Types of financial transactions
The financial operations carried out by the establishment, which are recorded in the books, are divided into the following sections:
Revenue operations:
It includes the operations that occur as a result of the establishment's conducting its basic activity, whose objective of practicing this activity is to make a profit, such as the purchase and sale of goods, expenses paid for salaries, wages, electricity, and others.
capital operations:
It includes the operations that occur as a result of the establishment’s purchase of fixed assets, the purpose of which is to assist the establishment in carrying out its activity, and the aim of their acquisition is not to resell them and make a profit from them, such as the purchase of lands, buildings, production lines, the purchase of office furniture, computers, etc., as well as the operations that occur As a result of dispensing and disposing of these assets after the end of their useful life.
Financing operations:
It includes the operations that occur to finance the establishment with cash amounts and in-kind assets so that the establishment can carry out its activity, and this financing is either obtained from internal sources from the owners of the establishment, which is represented by capital, or obtained from external sources from others in the form of loans.

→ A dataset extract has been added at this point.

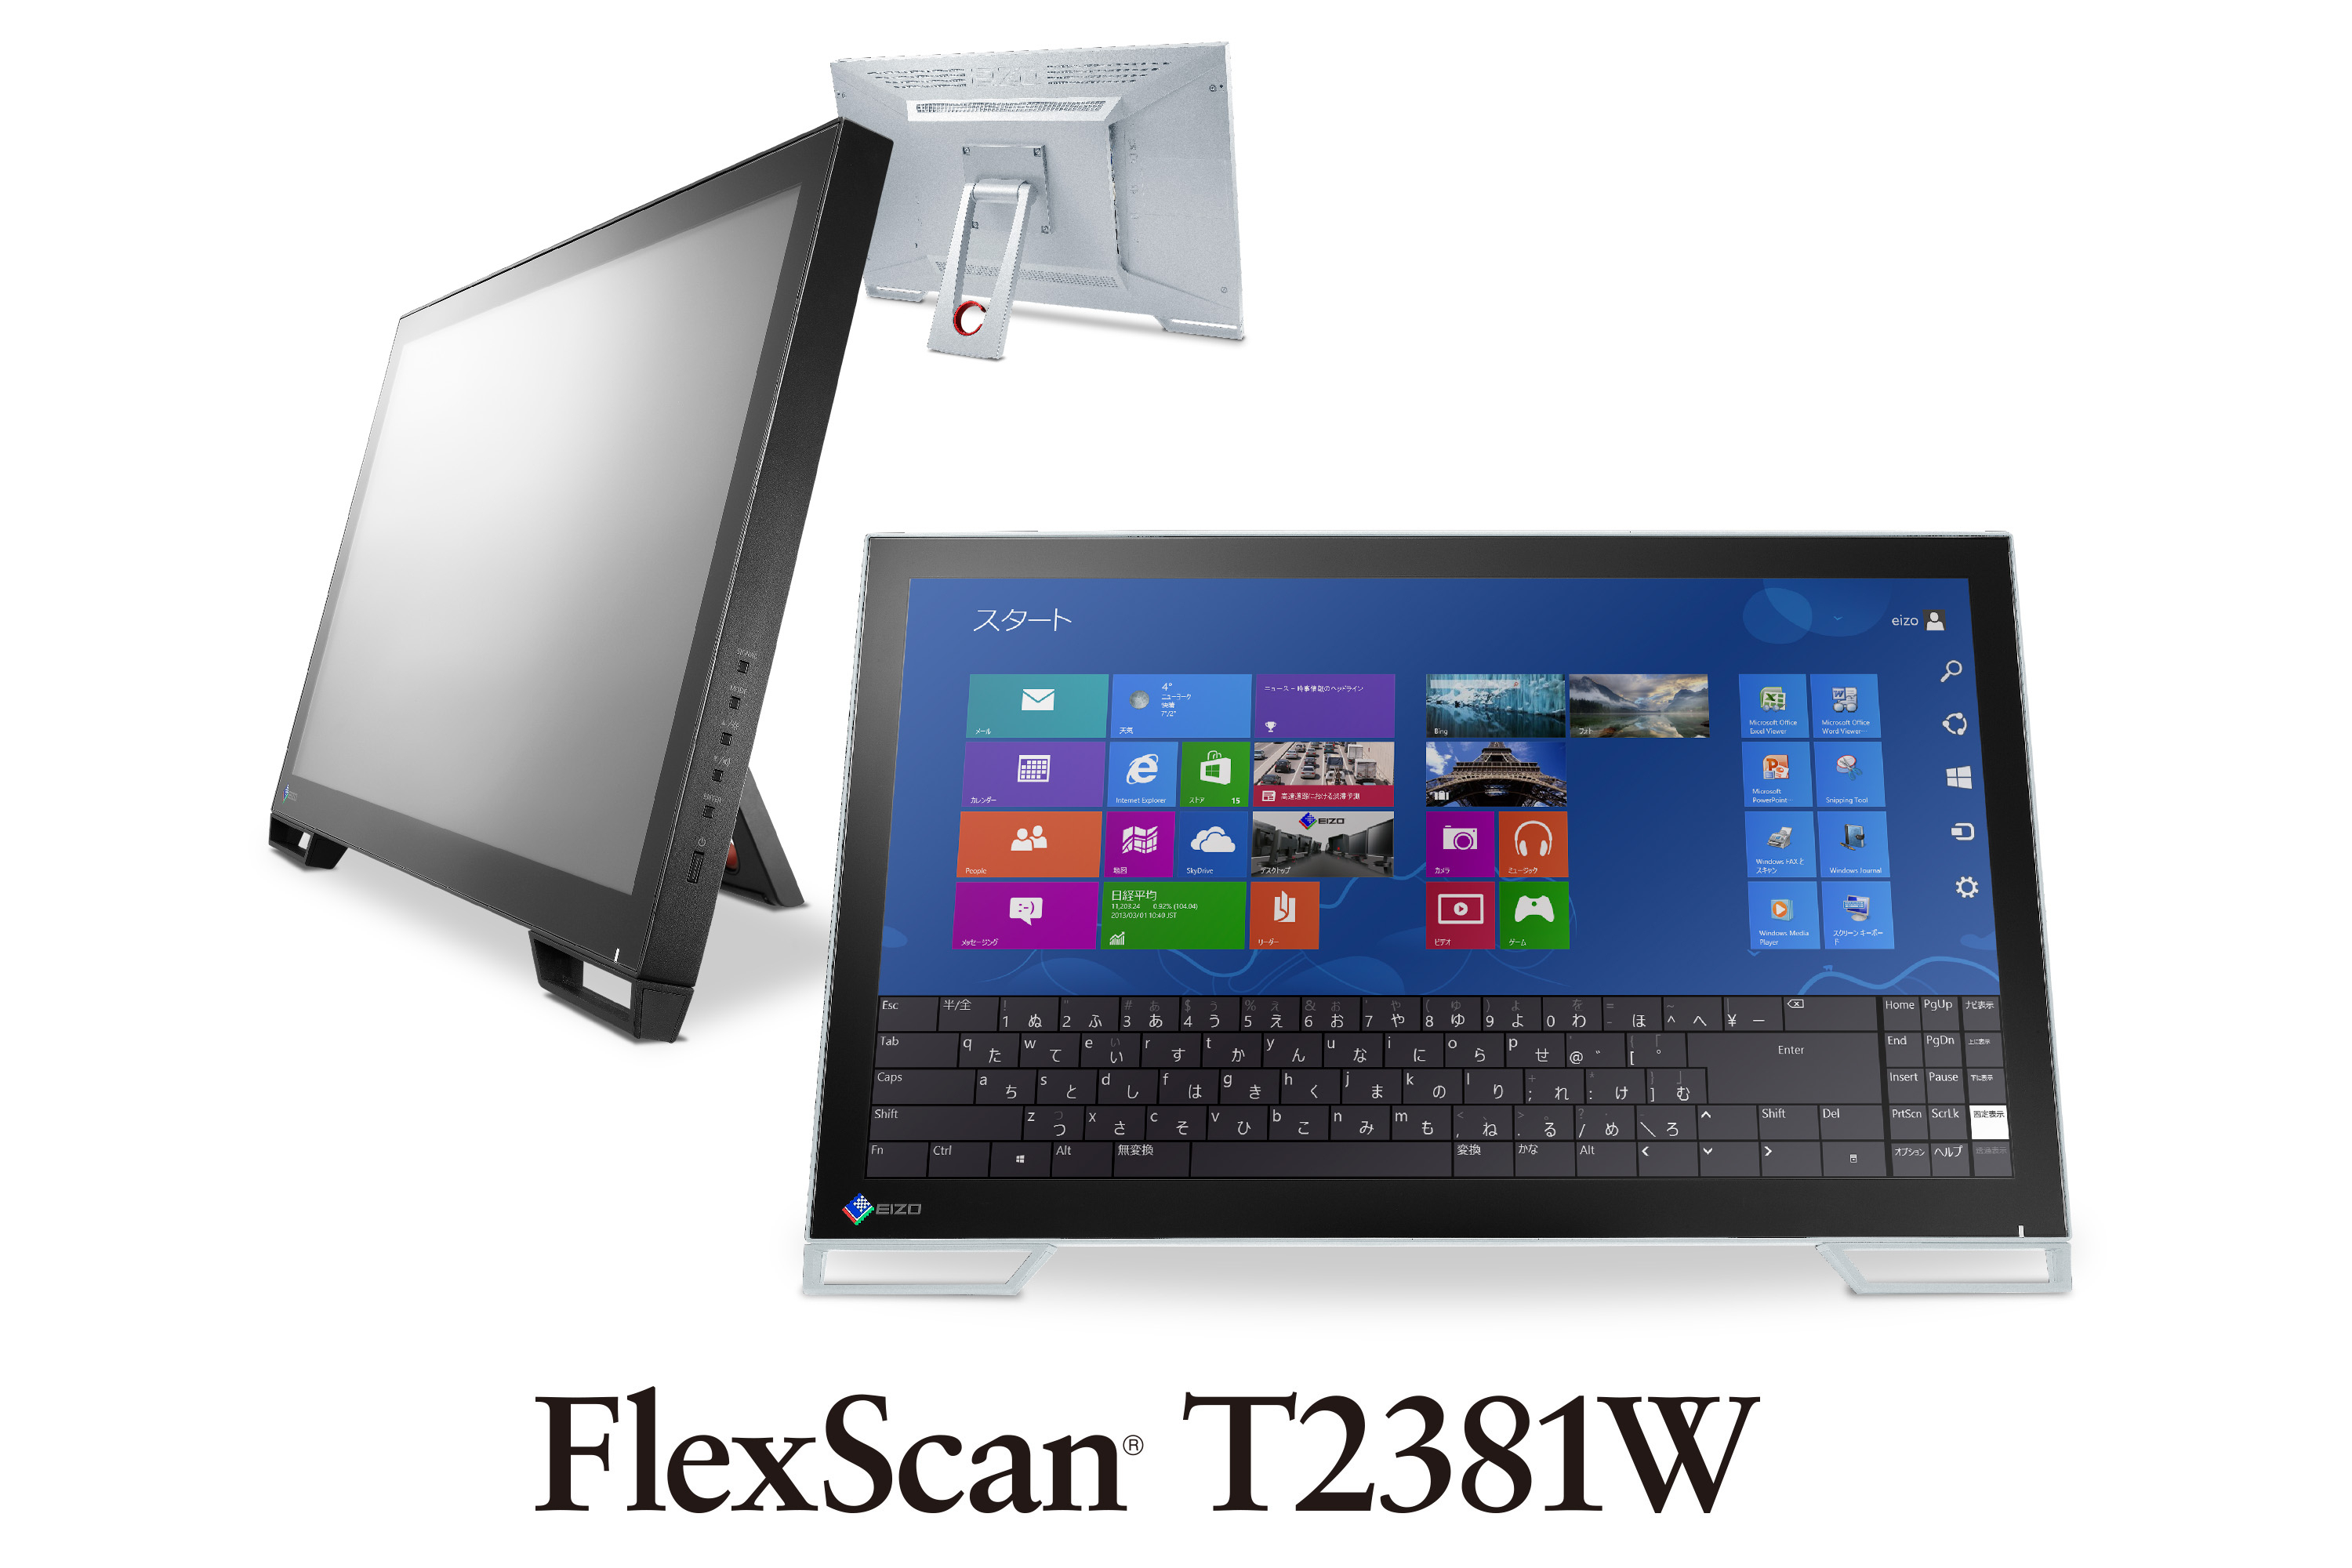 FlexScan T2381W

stages of the accounting cycle
The financial process, once it occurs, passes through a set of stages and steps to be processed during a specific period of time and access later to the appropriate financial information for decision-makers. These stages and steps are called the accounting cycle, and they are as follows:
1 Prepare the document and analyze the financial transaction
When the financial transaction occurs, a document is prepared that proves the validity of the financial transaction, so that the accountant then analyzes the financial transaction and determines the debtor and the creditor party.

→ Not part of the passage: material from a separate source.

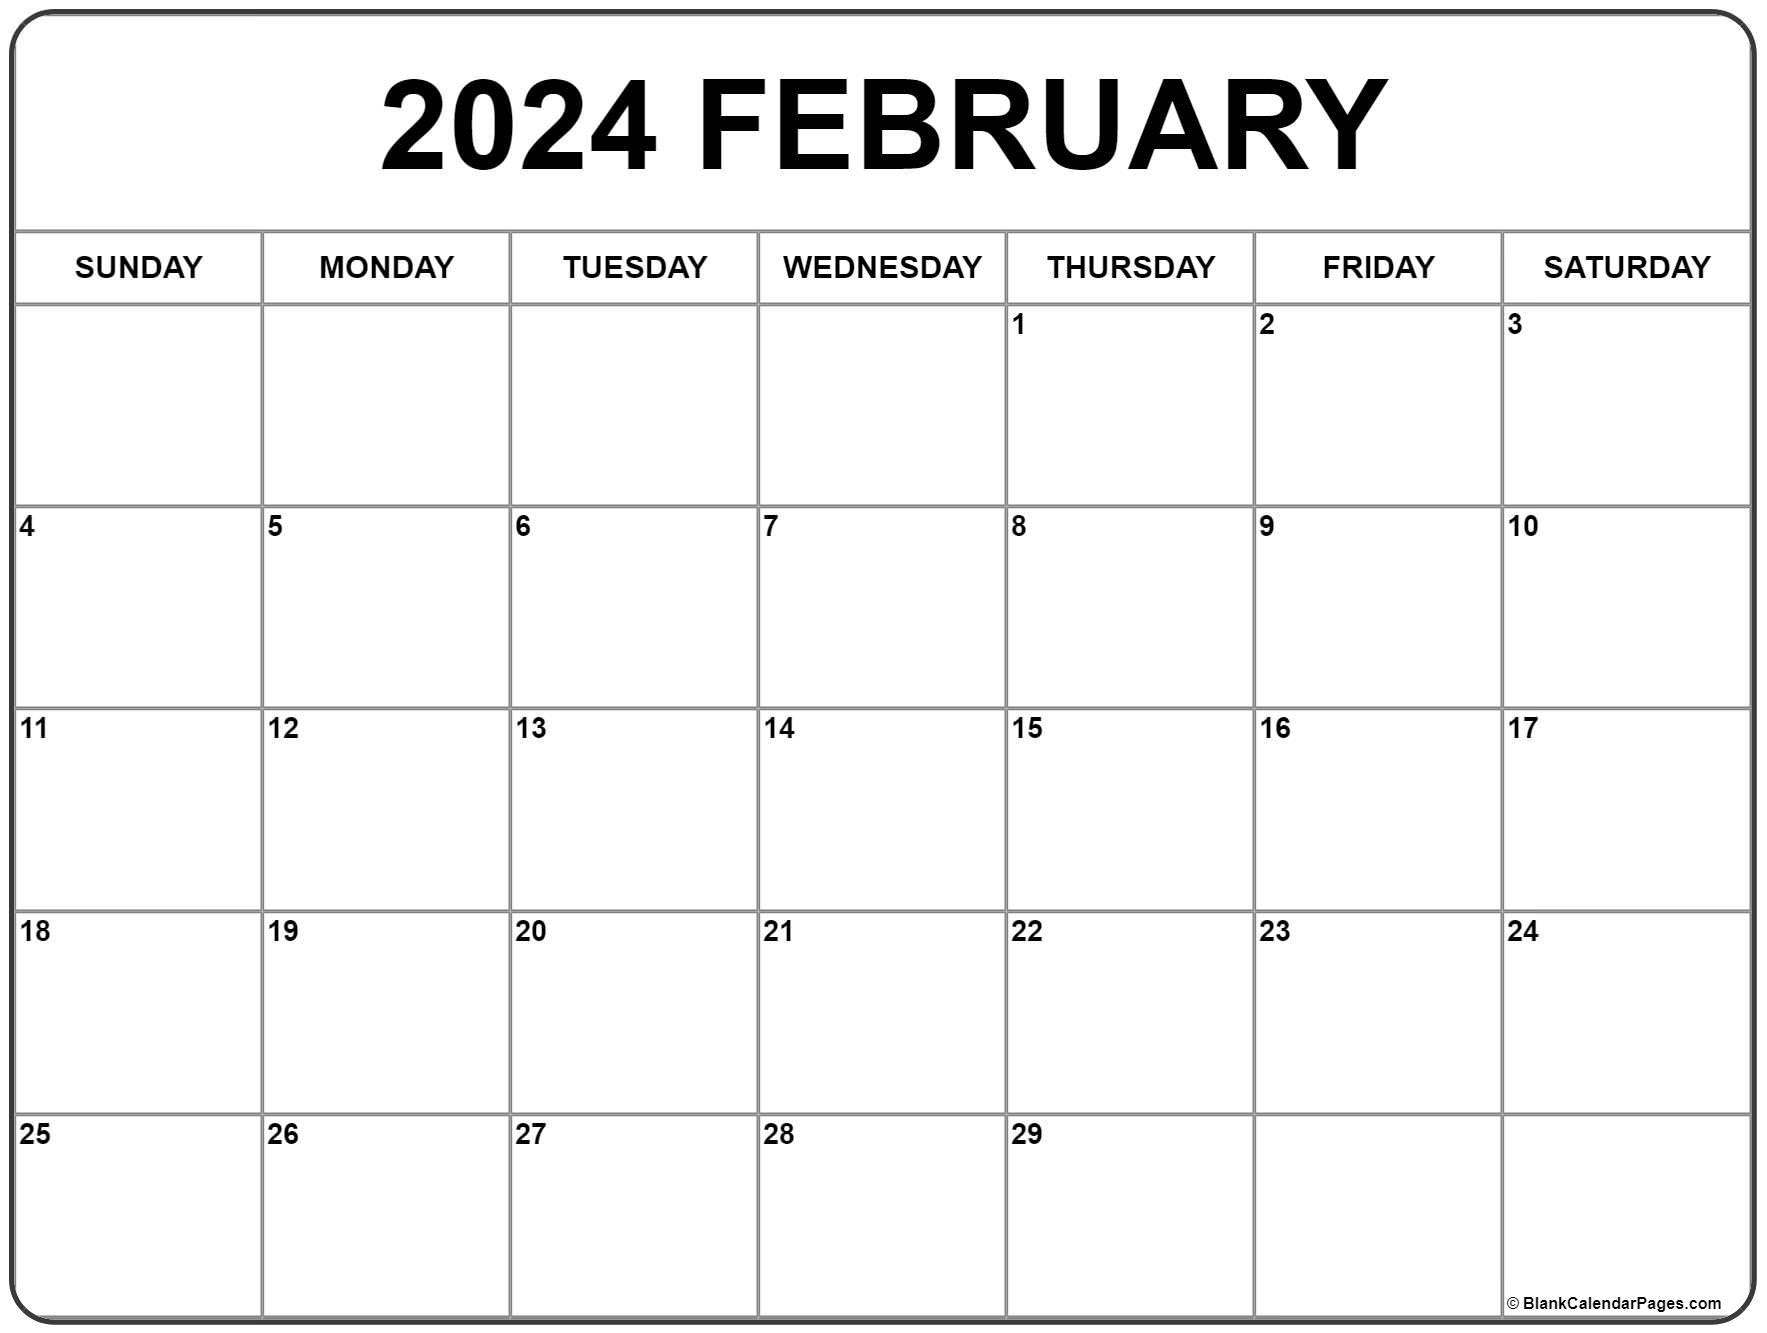 February 2024 calendar. free printable calendar

2 Recording entries in the journal
After the accountant analyzes the financial transaction and determines the debtor and the creditor party, he then records the financial transaction in the daily book in the form of serial accounting entries arranged by date.
3 Transfer entries from the journal to the ledger and balance the accounts
After recording the transaction in the journal, the debit and credit amounts are then transferred from the journal to the accounts affected by the financial transaction in the ledger, in order to know the balance of each account at the end of the period.
4 Preparing the trial balance (before inventory adjustments)
After posting the financial operations to the ledger and balancing the accounts, these accounts are then collected by preparing a statement called the trial balance, as this balance contains all the balances of the debit and credit accounts that were transferred from the ledger.
5 Recording, posting, and balance settlement entries
After preparing the trial balance, the accountant reviews the accounts and takes inventory of them. As a result of the inventory process, it may appear that some accounts need to be adjusted in their balances by preparing inventory settlement entries for these accounts, recording them in the journal, posting them, and rebalancing them again.
6 Preparing the revised trial balance (after inventory adjustments)
After preparing the inventory settlement entries and adjusting the balances of some accounts, a modified trial balance is then prepared.
7 Preparing the financial statements
After completing the preparation of the revised trial balance, which contains all the accounts and their balances, the account balances are then used to prepare the company's financial statements in order to know the result of the company's work in terms of profit or loss and to know the financial position of the company at the end of the financial period, and the financial statements that are prepared at the end of the period It is the income statement, the statement of changes in equity, the statement of financial position, and the statement of cash flows.
8 Closing the accounts for the ended fiscal year
After preparing the income statement, the revenue and expense accounts are closed in the profit and loss account (income summary), as well as the personal withdrawals account in the capital account or in one of the property rights accounts, as will be explained.